Tangningtongluo Tablet for People With Prediabetes

Phase 2

• Conditions: Prediabetes
• Interventions: Drug: Tangningtongluo tablet; Behavioral: lifestyle intervention

• Registration Number: NCT05126251
• Lead Sponsor: Beijing University of Chinese Medicine

Brief Summary

Prediabetes is an intermediate transition to hyperglycemia between normal blood glucose and diabetes, including impaired fasting glucose (IFG), impaired glucose tolerance (IGT)and the presence of a combination of the two.

At present, the prediabetes population in China is very large. Timely detection of this sub-health population and effective intervention are the key to prevent or delay diabetes and related complications. Basic research showed that Tangningtongluo had a good hypoglycemic effect on db/db diabetic mice and STZ induced diabetic rats, and could alleviate pancreatic islet destruction and insulin resistance to some extent.

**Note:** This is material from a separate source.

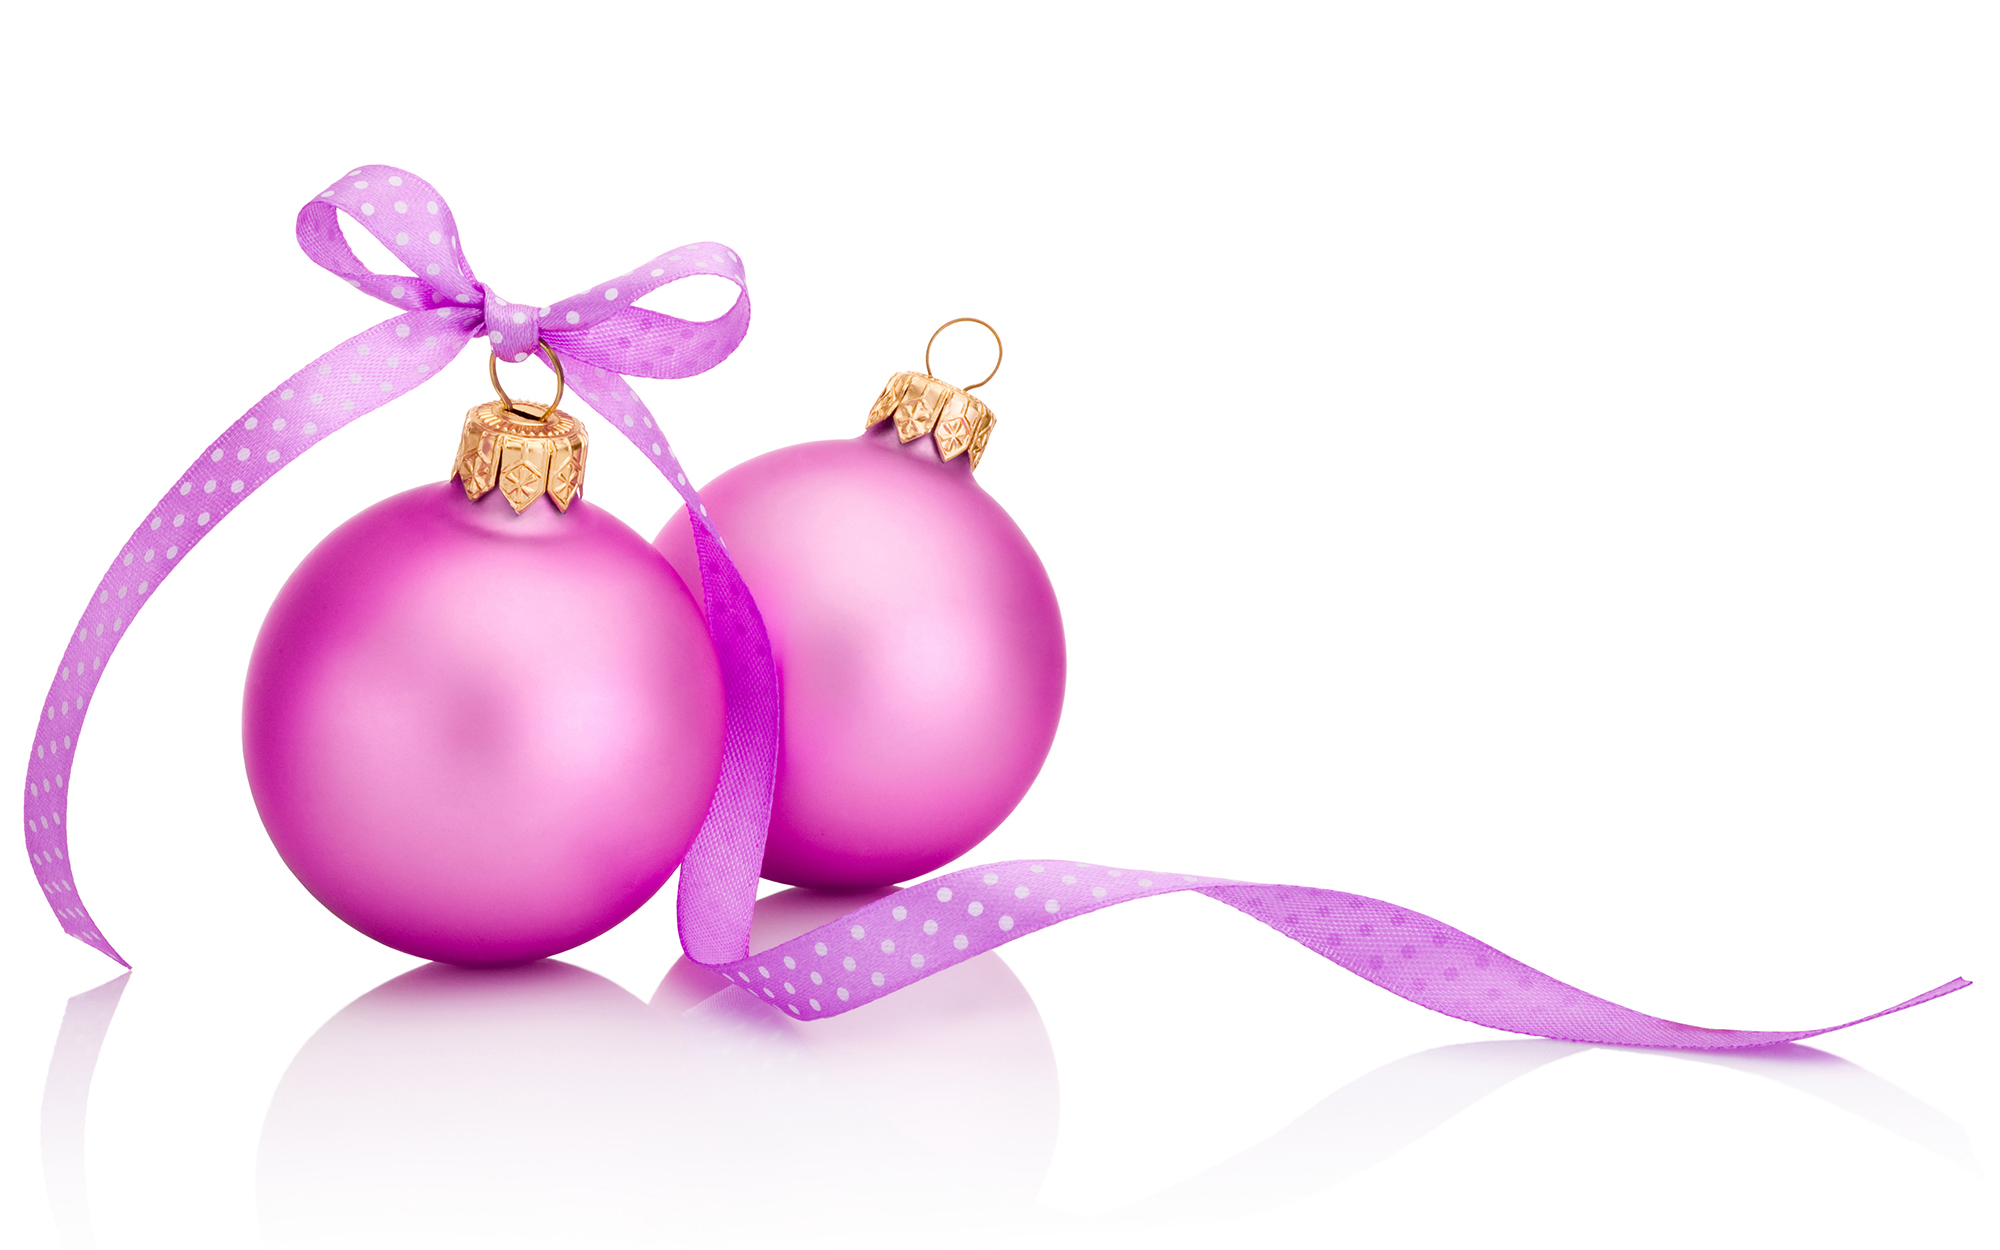 bright pink Christmas ornaments with pink polka dot ribbon
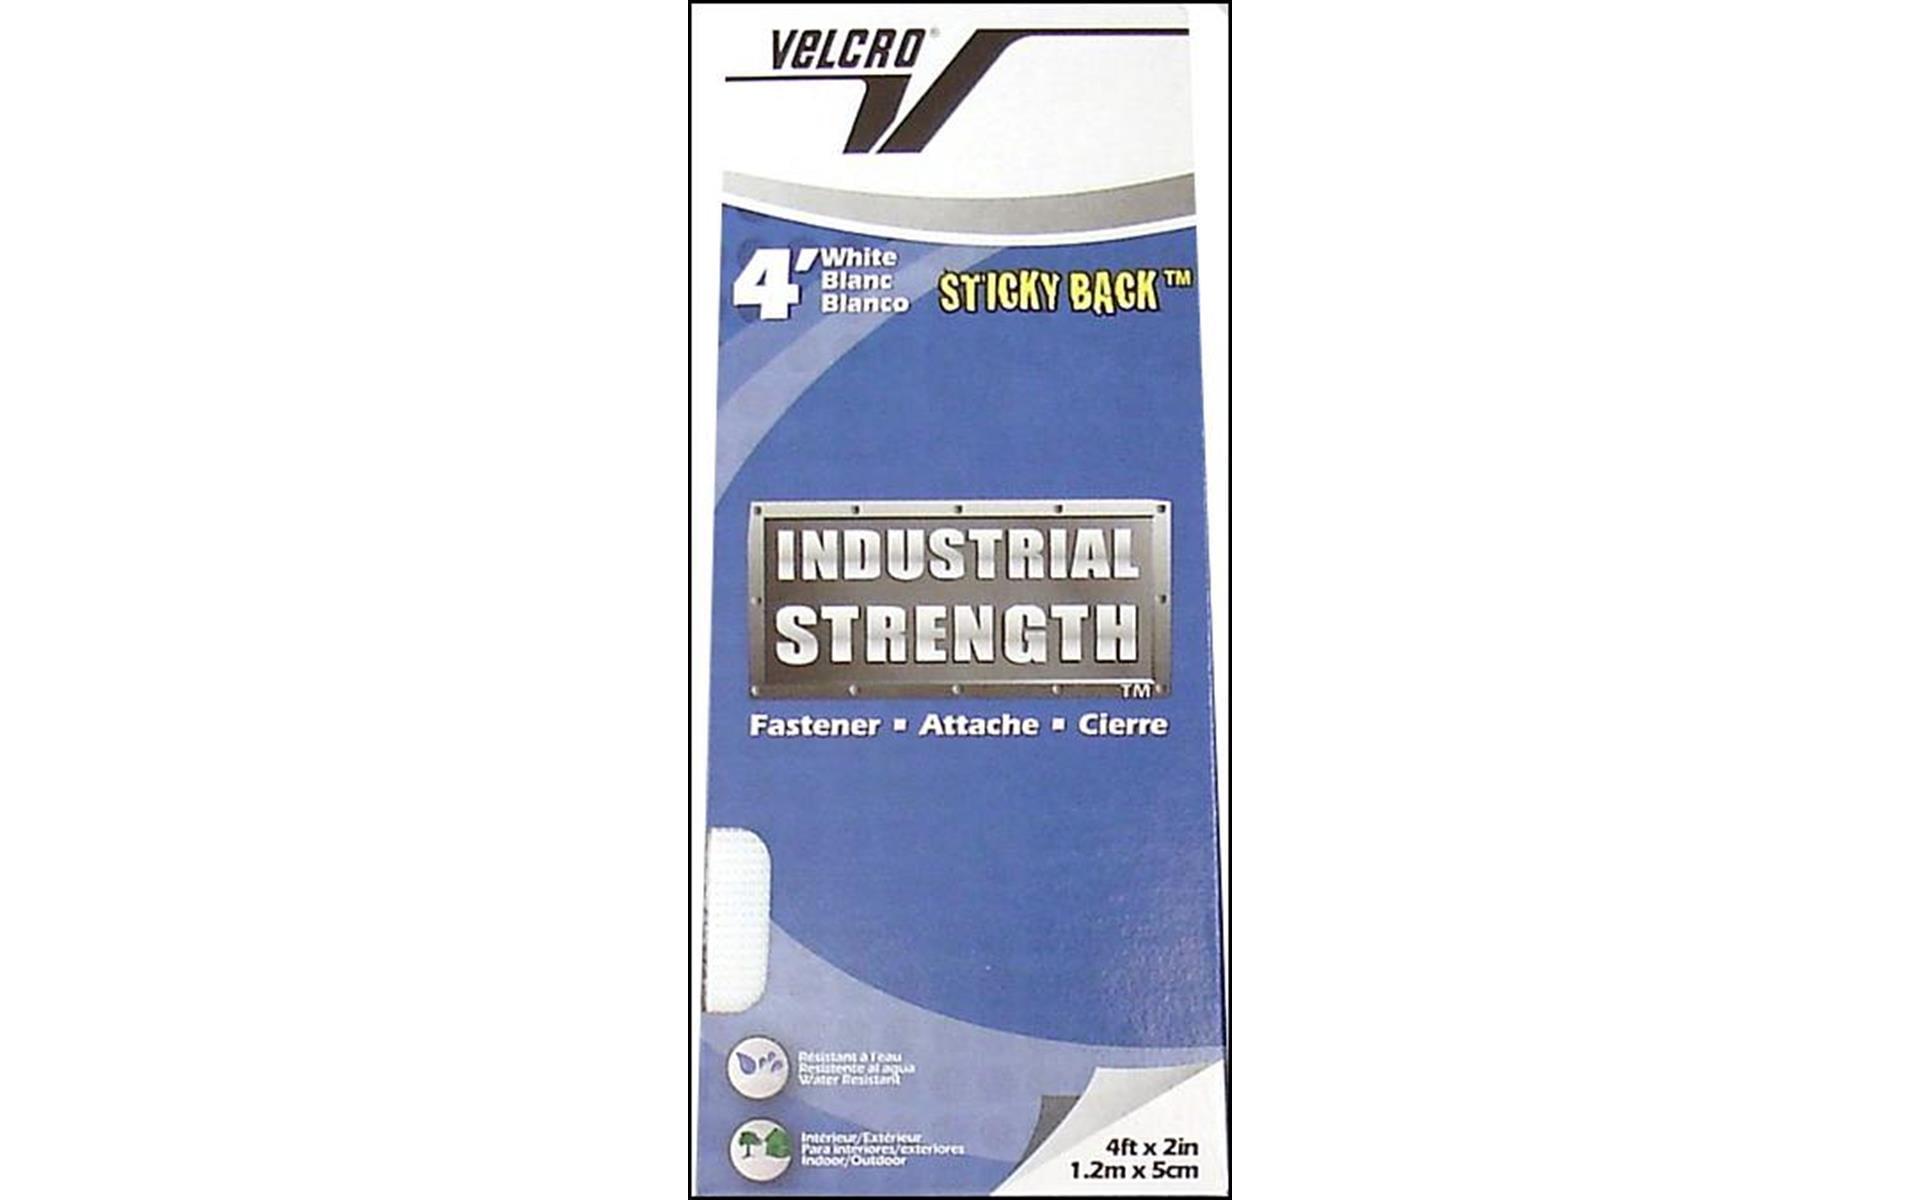 Industrial Strength Tape Velcro Size 15 ft x 2 in Waterproof Heavy

In this study, the therapeutic effects of Tangningtongluo pian provided by Guizhou bailing Enterprise Group Pharmaceutical Co., Ltd on patients with prediabetes was evaluated clinically. A multi-center, randomized, double-blind, placebo-controlled clinical trial was designed to provide evidence-based medical evidence for Tangningtongluo pian in the treatment of prediabetes . In the design of this trial, the therapeutic effects and safety of Tangningtongluo pian in the treatment of prediabetes were evaluated with Tangningtongluo pian in the treatment group and placebo in the control group.

Detailed Description

Prediabetes is an intermediate transition to hyperglycemia between normal blood glucose and diabetes, including impaired fasting glucose (IFG), impaired glucose tolerance (IGT)and the presence of a combination of the two.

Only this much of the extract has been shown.